Billy Guest

Personal information
- Full name: William Francis Guest
- Date of birth: 8 February 1914
- Place of birth: Brierley Hill, England
- Date of death: 15 November 1994 (aged 80)
- Place of death: Darwen, England
- Height: 5 ft 9 in (1.75 m)
- Position: Outside left

Youth career
- 1928–1932: Birmingham

Senior career*
- Years: Team / Apps / (Gls)
- 1932–1937: Birmingham / 76 / (15)
- 1937–1947: Blackburn Rovers / 88 / (30)
- 1947–1948: Walsall / 5 / (0)
- 1948–1949: Peterborough United / 38 / (18)
- 1949–19??: Kidderminster Harriers
- –: Lovell's Athletic
- –: Hinckley United
- –: Bilston United

= Billy Guest =

English footballer (1914–1994)

William Francis Guest (8 February 1914 – 15 November 1994) was an English professional footballer who played as an outside left for Birmingham, Blackburn Rovers and Walsall in the Football League either side of the Second World War. During the war, he won a runners-up medal with Blackburn Rovers in the 1940 Football League War Cup Final.

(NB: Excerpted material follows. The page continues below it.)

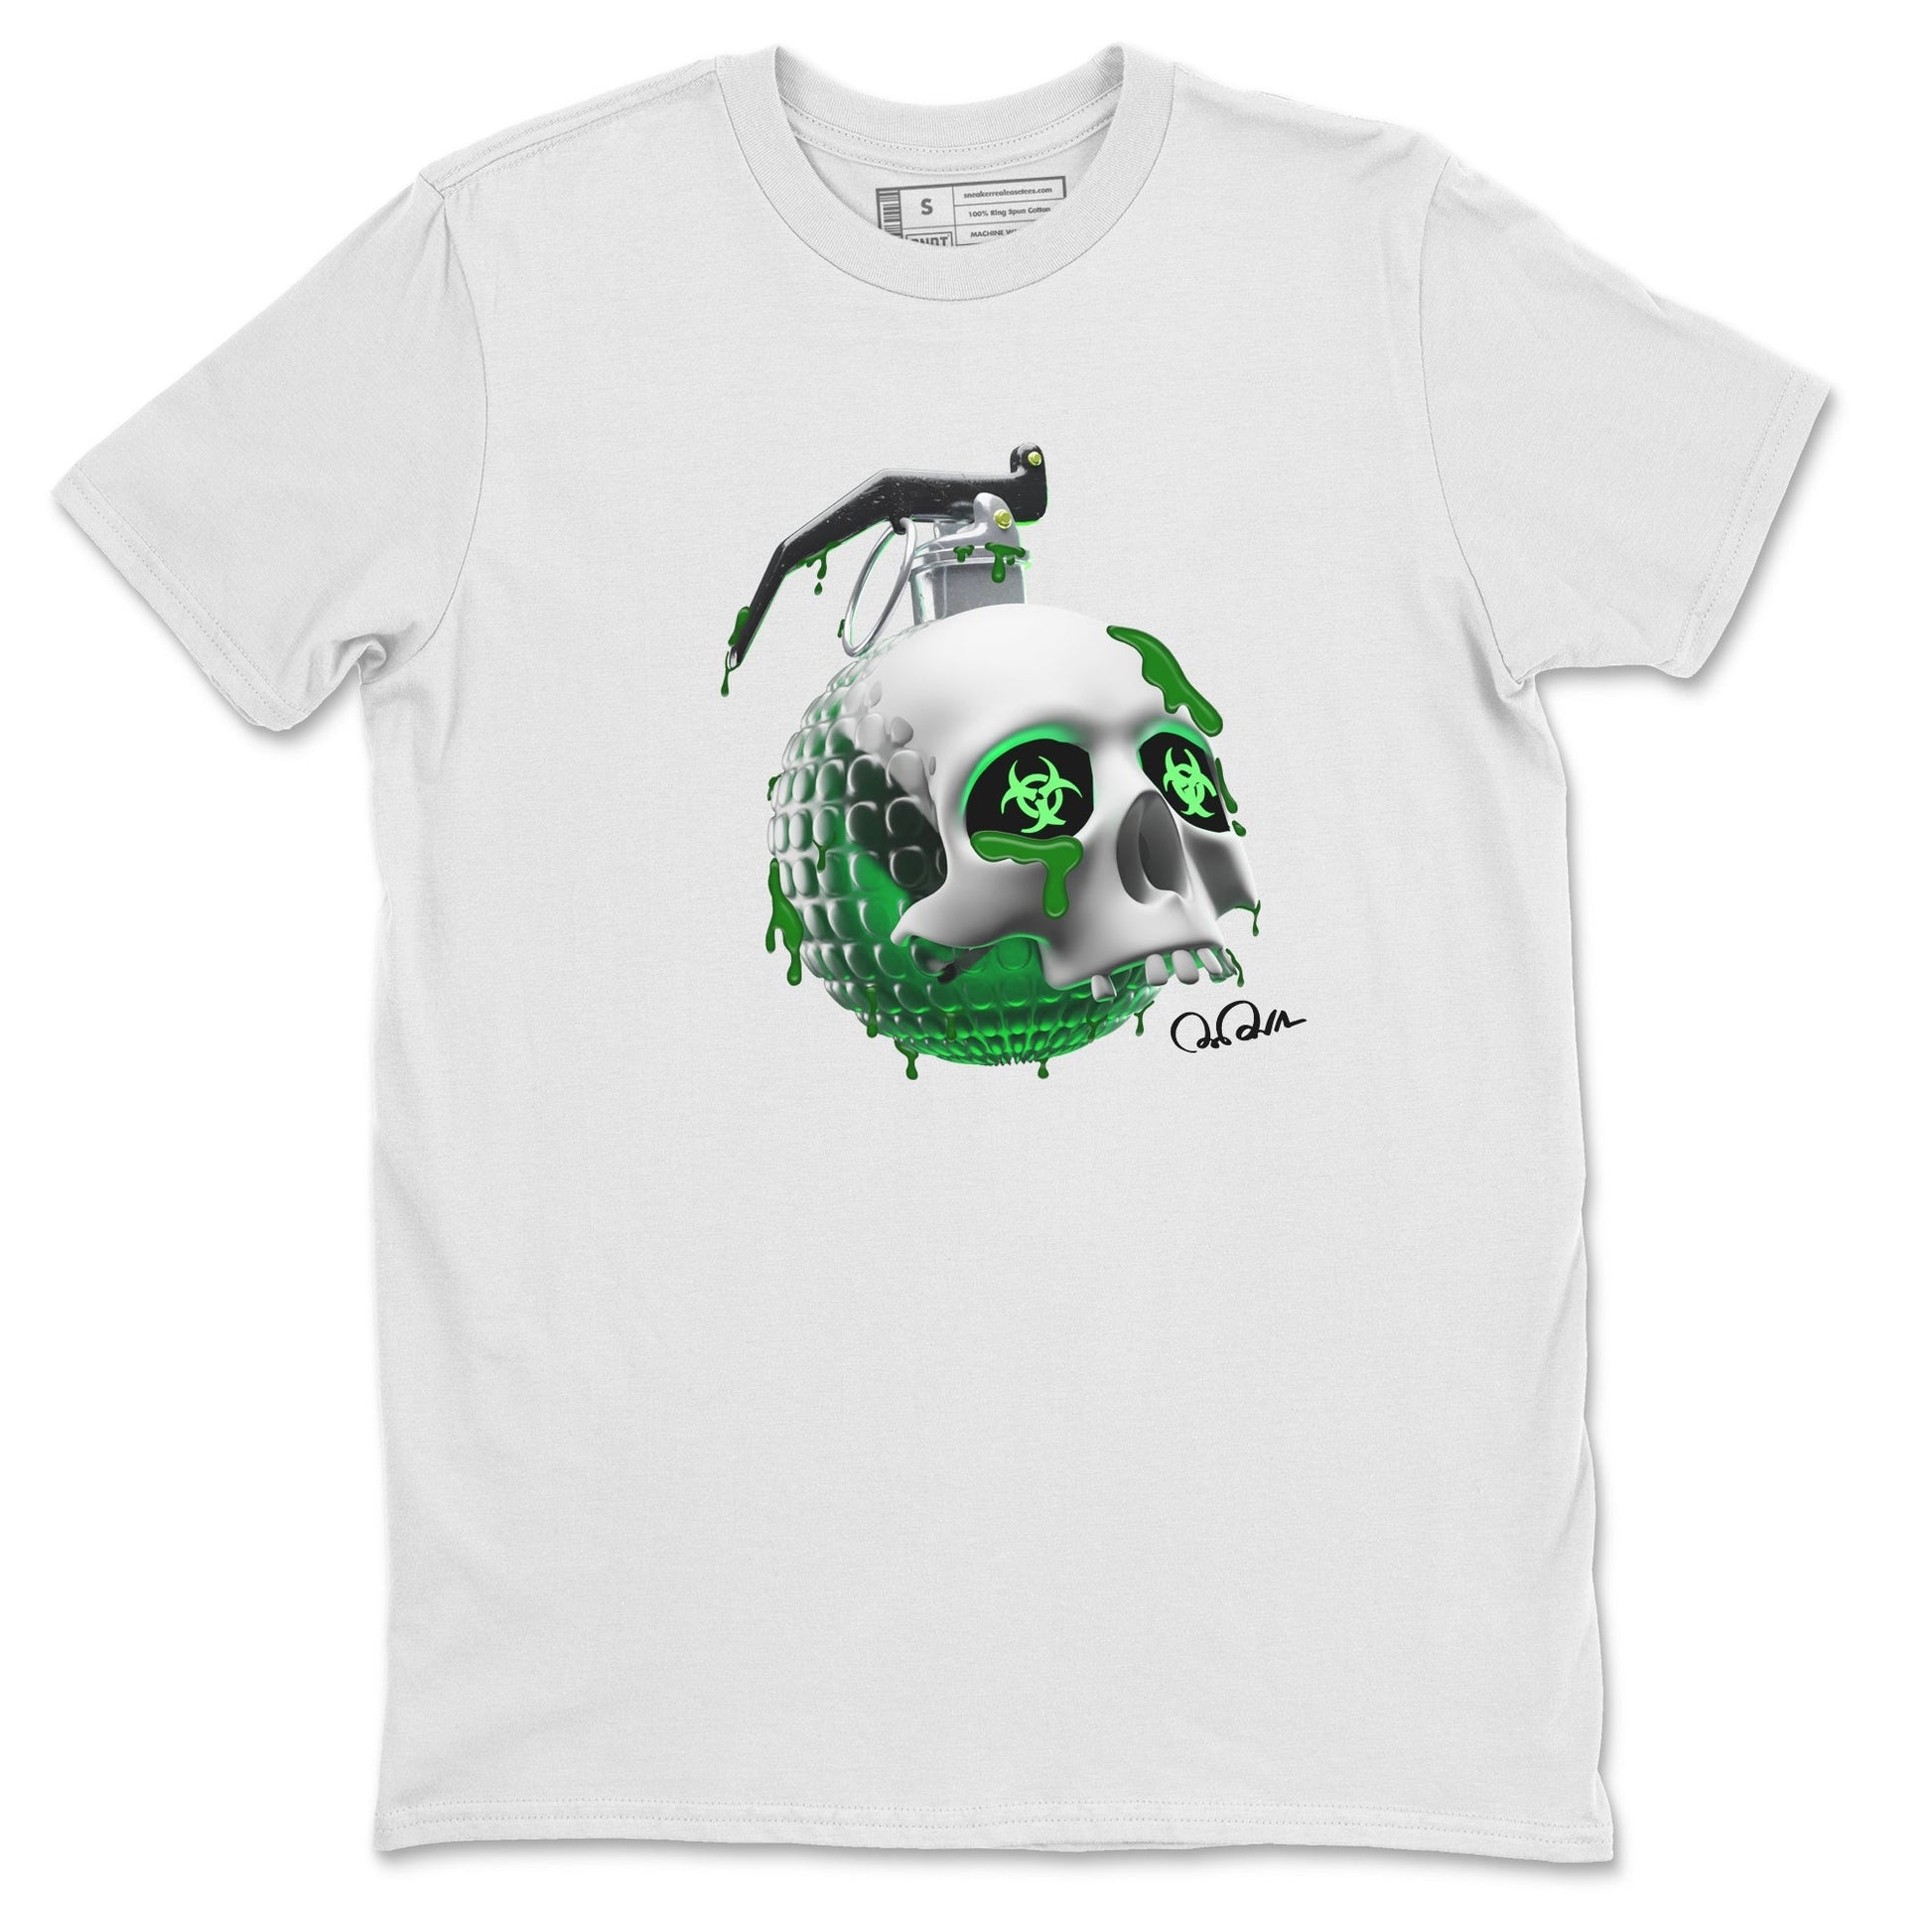 Air Jordan 4 Pine Green Sneaker Tees Drip Gear Zone Skull Bomb Sneaker Tees AJ4 Pine Green Shirt Unisex Shirts White 2

He went on to play for Peterborough United in the Midland League, for Kidderminster Harriers and Lovell's Athletic in the Southern League, and for Hinckley United and Bilston United.

During the war he was a guest-player for Lovell's Athletic, the works team for Lovell's sweet factory in Newport, Monmouthshire, Wales.